This commentary will appear in tomorrow’s print edition.
Again this year, The News Tribune’s editorial board has identified what we believe should be fundamental priorities for Washington state, this region and our communities.
The agenda below reflects the values and concerns that will guide our commentary through 2013.
At the top is education. With Washington’s economy recovering from five years of distress, this state should finally be able to invest more in its public schools and colleges. The state Supreme Court’s McCleary decision is more than enough reason to expand the opportunities we owe our children and grandchildren.
Our 2013 civic agenda:
FUND EDUCATION
Public education needs a radical rethinking this year.
For decades, the Legislature has been evading its responsibility to fully fund the state’s schools, expanding other programs while forcing school districts to rely on local levies to pay for such basics as textbooks, school nurses and bus drivers.
That’s got to stop, said the Washington Supreme Court last January in its landmark McCleary decision. The court demanded that the Legislature comply with the Washington Constitution, which states that “ample provision” for basic education is the “paramount duty of the state.”
Nor does basic education consist of harried teachers in overcrowded classrooms. As common sense and the court defines it, “ample” means far more the bare bones. Every child, even in poor school districts, must be offered the high-end academic skills needed to succeed in a complex, technology-intense world.
This means the Legislature must appropriate hundreds of millions of dollars more per year to the K-12 system. That’s going to require some very tough choices in Olympia, probably including more taxation.
REFORM EDUCATION
The Supreme Court has no authority to raise taxes or micromanage legislative budgets. Budget-writers are accountable to the voters, which means that the public holds the ultimate power to demand or deny adequate funding for schools.

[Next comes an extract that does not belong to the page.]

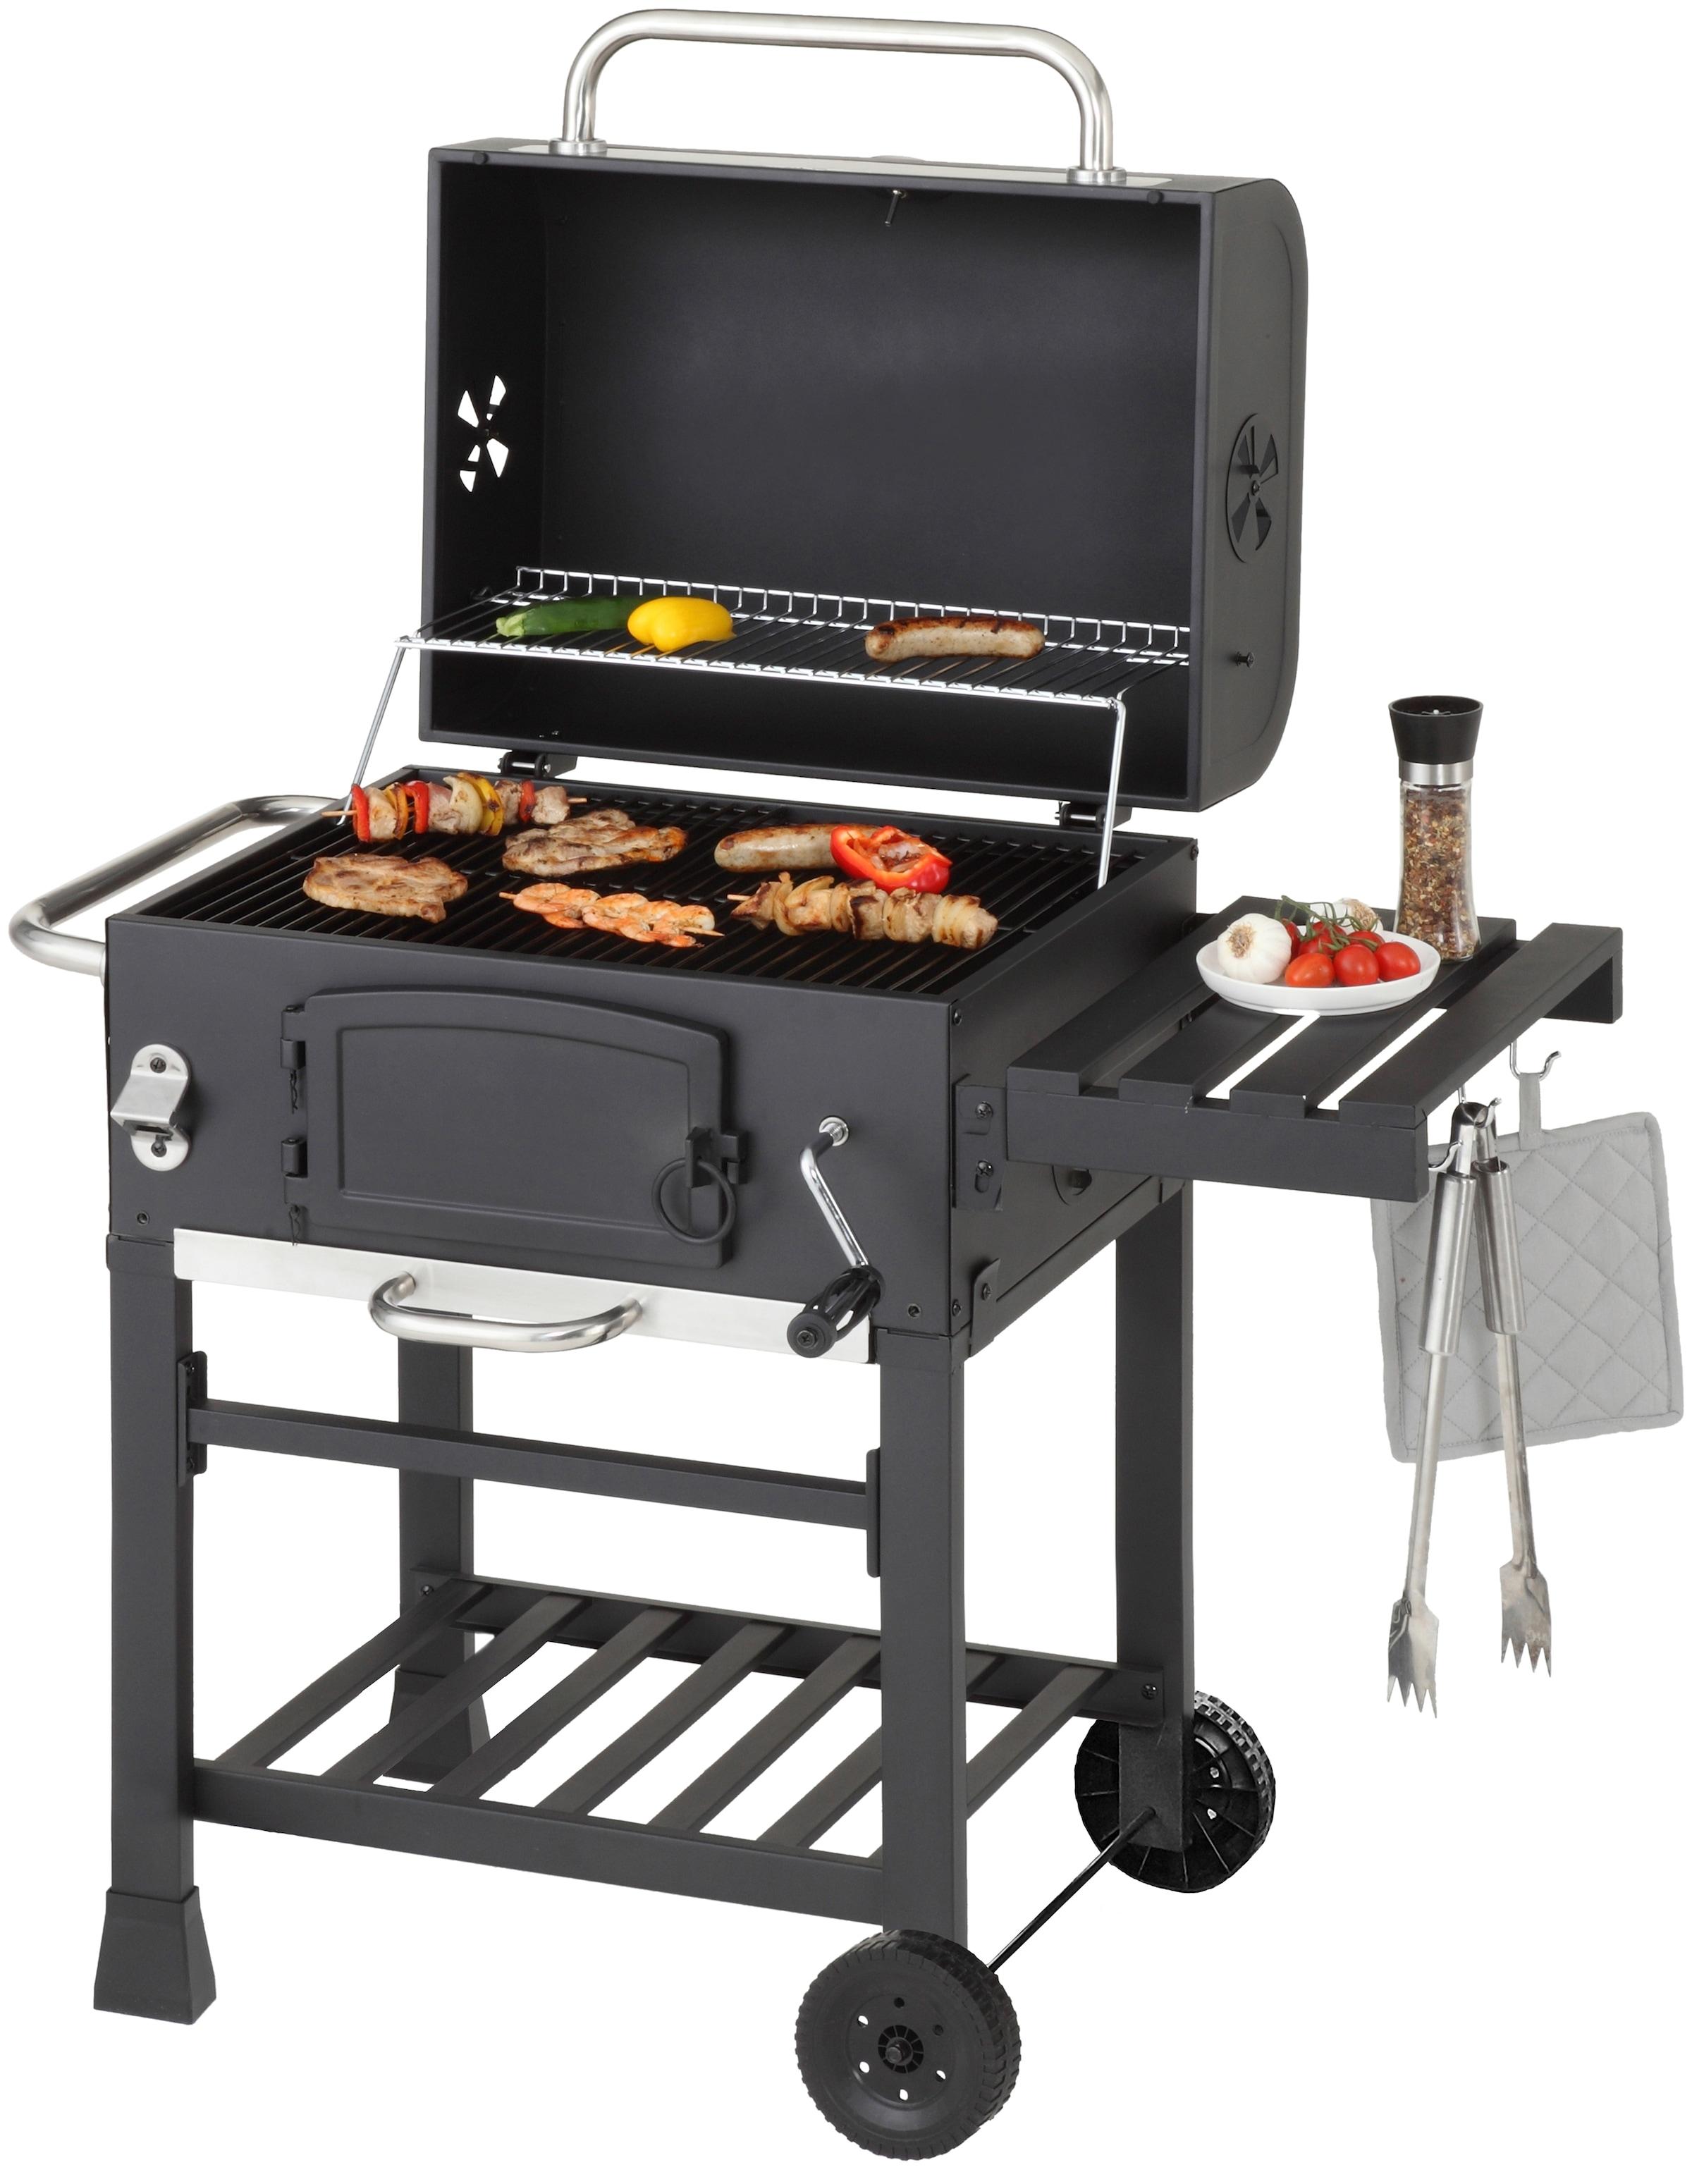 Weber Xxl Holzkohlegrill : Weber grill shop weber go anywhere gasgrill gasgrills grills grillen

The public understands that simply dumping more money in an underperforming school system will produce only a more expensive underperforming school system. But Washingtonians can be persuaded to invest more in the system if they see greater accountability in their schools, high academic standards, and science-based teaching and administrative practices.
Voters will pay for results. They won’t pay for the status quo.
PRESERVE HIGHER ED
College opportunity doesn’t fall under the constitutional definition of basic education, but few students will find success in tomorrow’s economy without vocational or academic training beyond high school.